And there's always that stale lock problem where something dies holding
the lock and doesn't delete it.

Some of these could be addressed with a DB or something that allows
incremental and atomic updates rather than a regular index-like
flat file, but I don't want to dive into that here.


>> I also have to wonder about the need to have a complete list of omitted
>> blobs up front.  It may be better to just relax the consistency checks
>> and assume a missing blob is "intentionally missing" rather than
>> indicating a corruption somewhere.
> 
> We've discussed this previously on list and gone back and forth. :)
> 
>>                                      And then let the client do a later
>> round-trip to either demand-load the object -or- demand-load the
>> existence/size info if/when it really matters.
> 
> The cost of demand-loading this existence/size information is what
> ultimately convinced me of this approach.
> 
> But I can see how the tradeoffs differ between the omit-large-blobs
> case and the omit-all-blobs case.  We might end up having to support
> both modes. :(

I think I've been in both camps myself.

I'm not sure it would be that hard to support both (other than being
unfortunate), assuming pack-objects could build the same binary data
as I suggested be computed by fetch-pack/index-pack above.  It could
then just be a run-time decision.

I could even see it being useful -- do the initial clone with
client-side computation (because you're getting mostly ancient data
that you don't care about) and then let fetches use server-side
computation (because you're more likely to care about the sizes of
objects near your branch heads).


>> Maybe we should add a verb to your new fetch-blob endpoint to just get
>> the size of one or more objects to help with this.
> 
> No objections from me, though we don't need it yet.
> 
> Thanks,
> Jonathan
> 

Thanks
Jeff

^ permalink raw reply	[flat|nested] 46+ messages in thread

* Re: [RFC PATCH 1/3] promised-blob, fsck: introduce promised blobs
  2017-07-13 14:48       ` Jeff Hostetler
@ 2017-07-13 15:05         ` Jeff Hostetler
  0 siblings, 0 replies; 46+ messages in thread
From: Jeff Hostetler @ 2017-07-13 15:05 UTC (permalink / raw)
  To: Jonathan Nieder; +Cc: Jonathan Tan, git



On 7/13/2017 10:48 AM, Jeff Hostetler wrote:
> 
> 
> On 7/12/2017 3:28 PM, Jonathan Nieder wrote:
>> Hi,
>>
>> Jeff Hostetler wrote:
>>
>>> My primary concern is scale and managing the list of objects over time.
>> [...]
>>>                                                                   For
>>> example, on the Windows repo we have (conservatively) 100M+ blobs (and
>>> growing).  Assuming 28 bytes per, gives a 2.8GB list to be manipulated.
>>>
>>> If I understand your proposal, newly-omitted blobs would need to be
>>> merged into the promised-blob list after each fetch.  The fetch itself
>>> may not have that many new entries, but inserting them into the existing
>>> list will be slow.
>>
>> This is a good point.  An alternative would be to avoid storing the
>> list and instead use a repository extension that treats all missing
>> blobs in the repository similarly to promised blobs (with a weaker
>> promise, where the server is allowed to return 404).  The downsides:
>>
>> - blob sizes are not available without an additional request, e.g. for
>>    directory listings
>>
>> - the semantics of has_object_file become more complicated.  If it
>>    is allowed to return false for omitted blobs, then callers have to
>>    be audited to tolerate that and try to look up the blob anyway.
>>    If it has to contact the server to find out whether an omitted blob
>>    is available, then callers have to be audited to skip this expensive
>>    operation when possible.
>>
>> - similarly, the semantics of sha1_object_info{,_extended} become more
>>    complicated.  If they are allowed to return -1 for omitted blobs,
>>    then callers have to be audited to handle that.

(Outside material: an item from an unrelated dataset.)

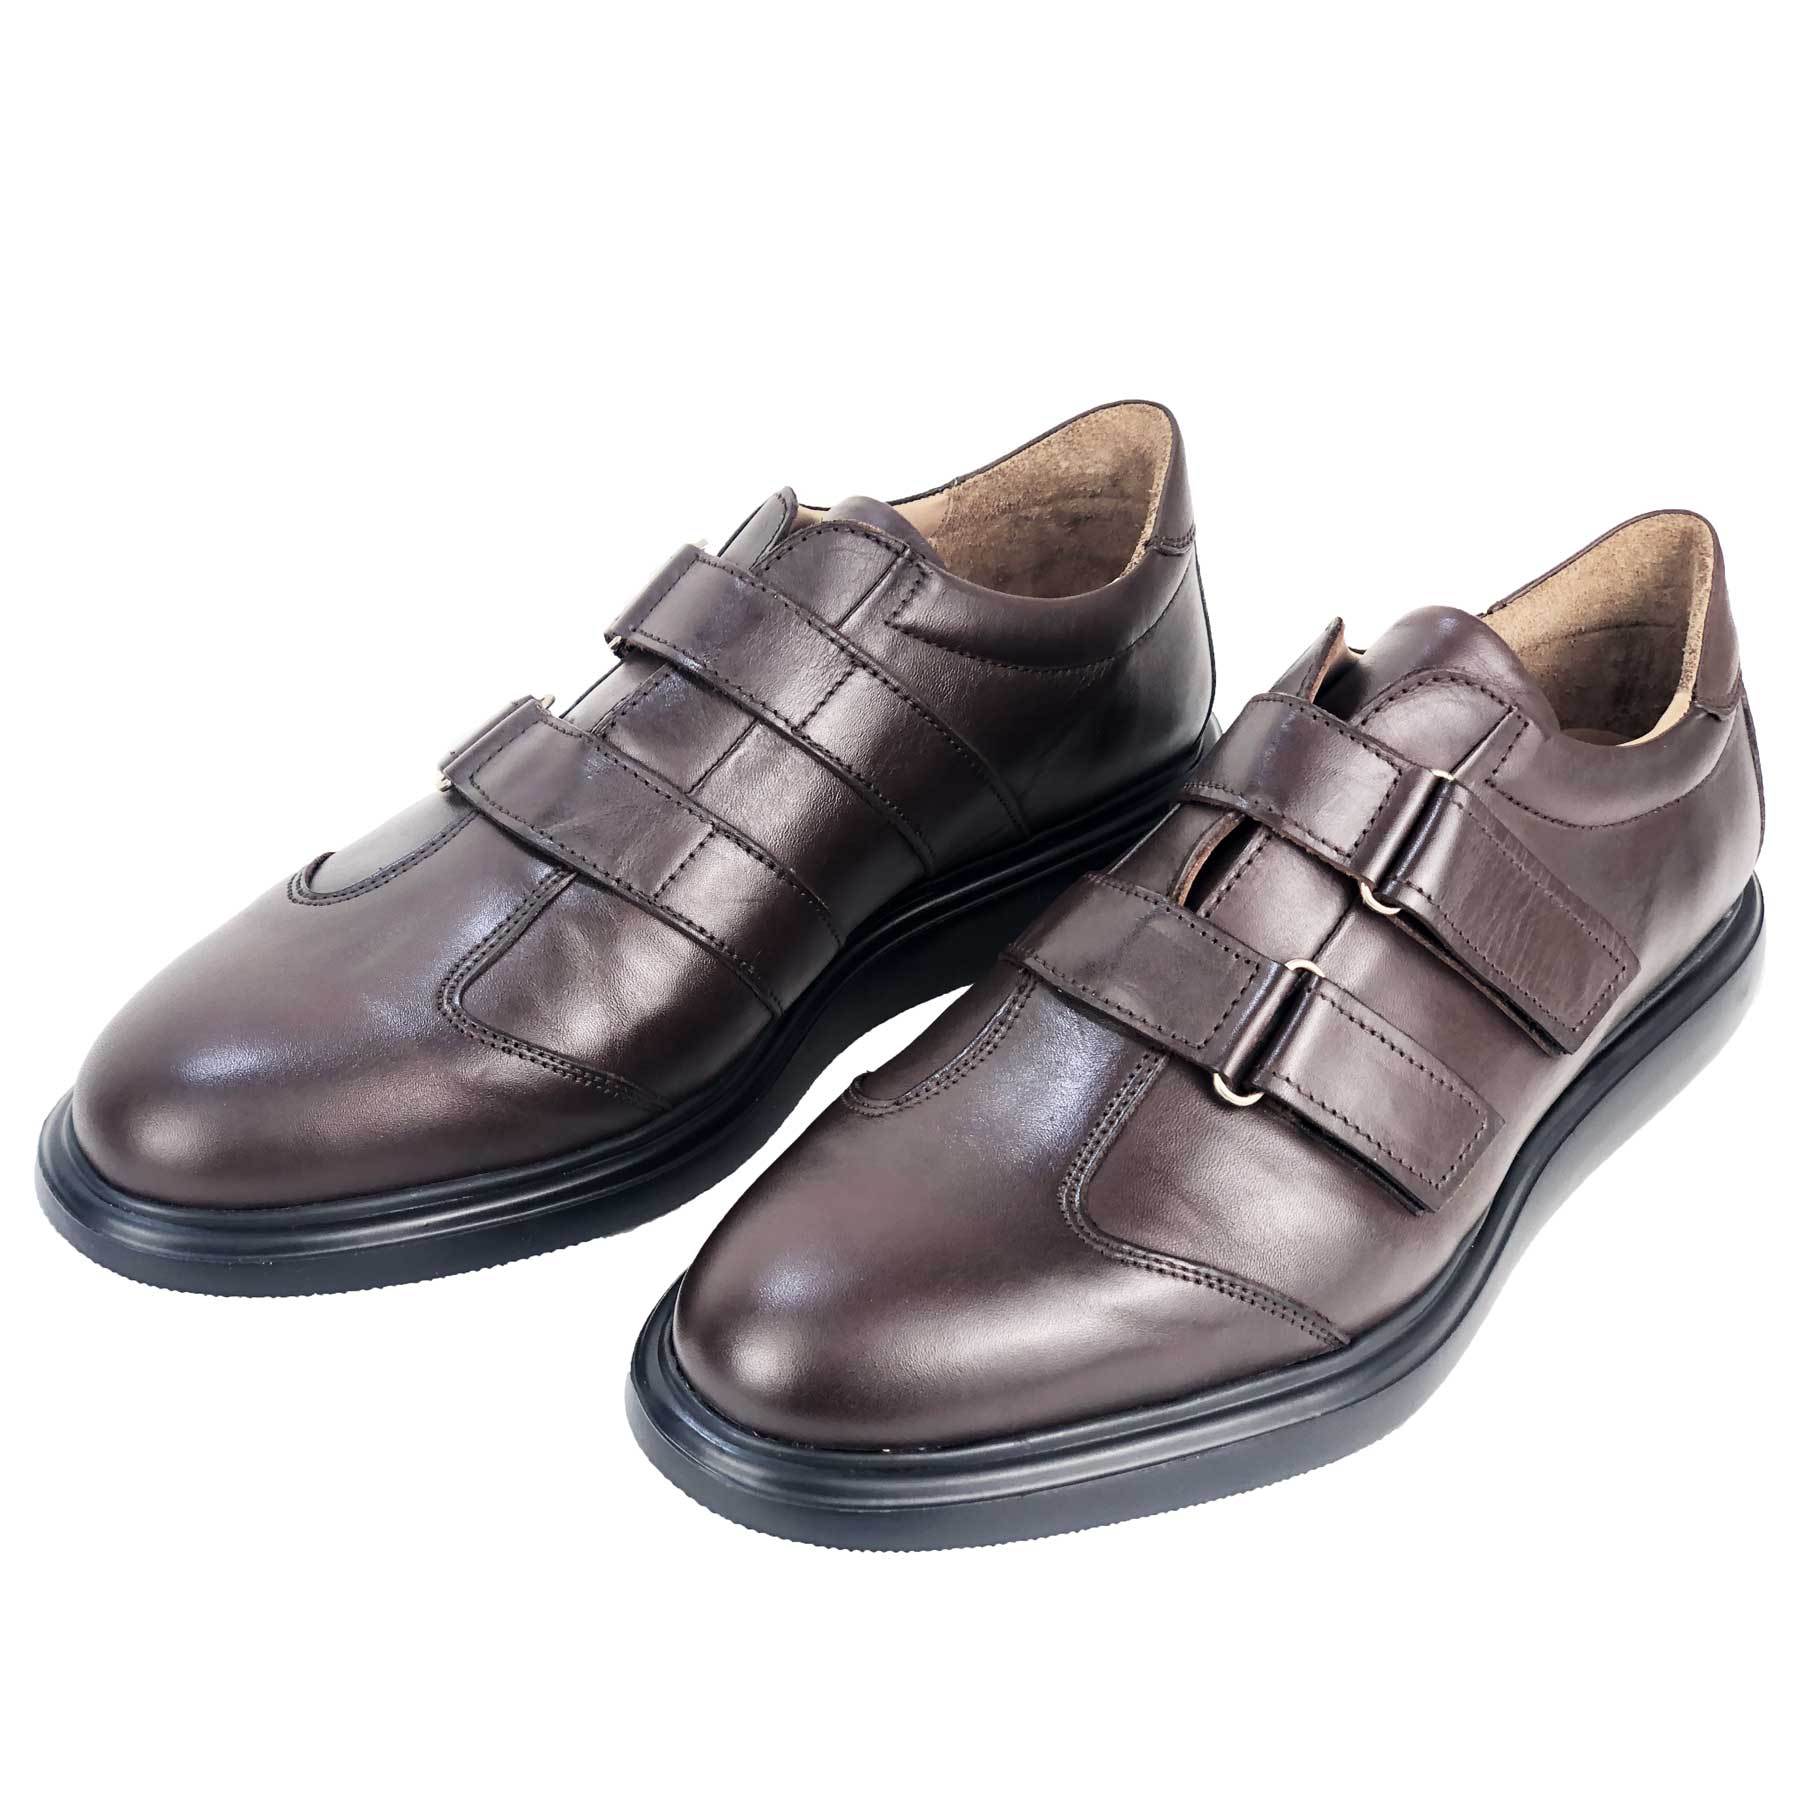 BSK462-015 - Chaussure cuir MARRON - deluxe-maroc

If they have to
>>    contact the server to find the object type and size, it becomes
>>    expensive in a way that affects callers.
>>
>> - causes futile repeated requests to the server for objects that don't
>>    exist.  Caching negative lookups is fussy because a later push could
>>    cause those objects to exist --- though it should be possible for
>>    fetches to invalidate entries in such a cache using the list of
>>    promised blobs sent by the server.
> 
> Also good points. :-)
> 
> Would it be better to:
> [] let fetch-pack/index-pack on the client compute the set of missing
>     objects based upon the commit range in the response.
> [] build a "pack-<id>.promised" as a peer of the "pack-<id>.[pack,idx]"
>     files.
> [] Use Jonathan's binary format with (-1LL) for the sizes, but also add
>     a flags/object-type word.  Since the local commit/object traversal
>     usually knows the type of object (either by context or the mode field
>     in the parent entry), index-pack can set it immediately.
> [] Repack would "do the right thing" when building new packfiles from
>     existing packfiles (and merge/prune/etc. a new promise file).
> 
> Conceptually, these "pack-<id>.promised" files would be read-only once
> created, like the corresponding .pack/.idx files.  But since we have a
> fixed record size, we could let the dynamic object size requests update
> the sizes in-place.   (And if an update failed for some reason, the
> client could just go on and use the result (as we do when trying to
> update mtime info in the index).)
> 
> This gives us the full set of omitted objects without the network
> overhead and without the overhead of merging them into a single list.
> And we defer the cost of getting an object's size until we actually
> need the info.
> 
> 
>> [...]
>>> In such a "sparse clone", it would be nice to omit unneeded tree objects
>>> in addition to just blobs.   I say that because we are finding with GVFS
>>> on the Windows repo, that even with commits-and-trees-only filtering,
>>> the number of tree objects is overwhelming.  So I'm also concerned about
>>> limiting the list to just blobs.  If we need to have this list, it
>>> should be able to contain any object.  (Suggesting having an object type
>>> in the entry.)
>>
>> Would it work to have a separate lists of blobs and trees (either in
>> separate files or in the same file)?
>>
>> One option would be to add a version number / magic string to the start
>> of the file.  That would allow making format changes later without a
>> proliferation of distinct repository extensions.
> 
> As I suggested above, we could just put them in the same file with a
> flags/object-type field.
> 
> Without getting too nerdy here, we could even say that the size doesn't
> need to be a int:64 -- definitely bigger than int:32, but we don't need
> the full int:64.  We could make the size a int:40 or int:48 and use the
> rest of the QWORD for flags/object-type.
> 
> 
>> [...]
>>> I assume that we'll also need a promised-blob.lock file to control
>>> access during list manipulation.  This is already a sore spot with the
>>> index; I'd hate to create another one.
>>
>> Can you say more about this concern?  My experience with concurrent
>> fetches has already not been great (since one fetch process is not
>> aware of what the other has fetched) --- is your concern that the
>> promised-blob facility would affect pushes as well some day?
> 
> [I wrote this before I wrote the multi-peer-file suggestion above.]
> 
> I'm assuming that anyone adding a new promised-blob to the single file
> will use the standard "read foo, write foo.lock, rename" trick.  If we
> have a large number of omitted blobs, this file will be large and the
> insert will take a non-trivial amount of time.
> 
> Concurrent fetches does sound a bit silly, so we only have to worry
> about the time to copy the bits on disk.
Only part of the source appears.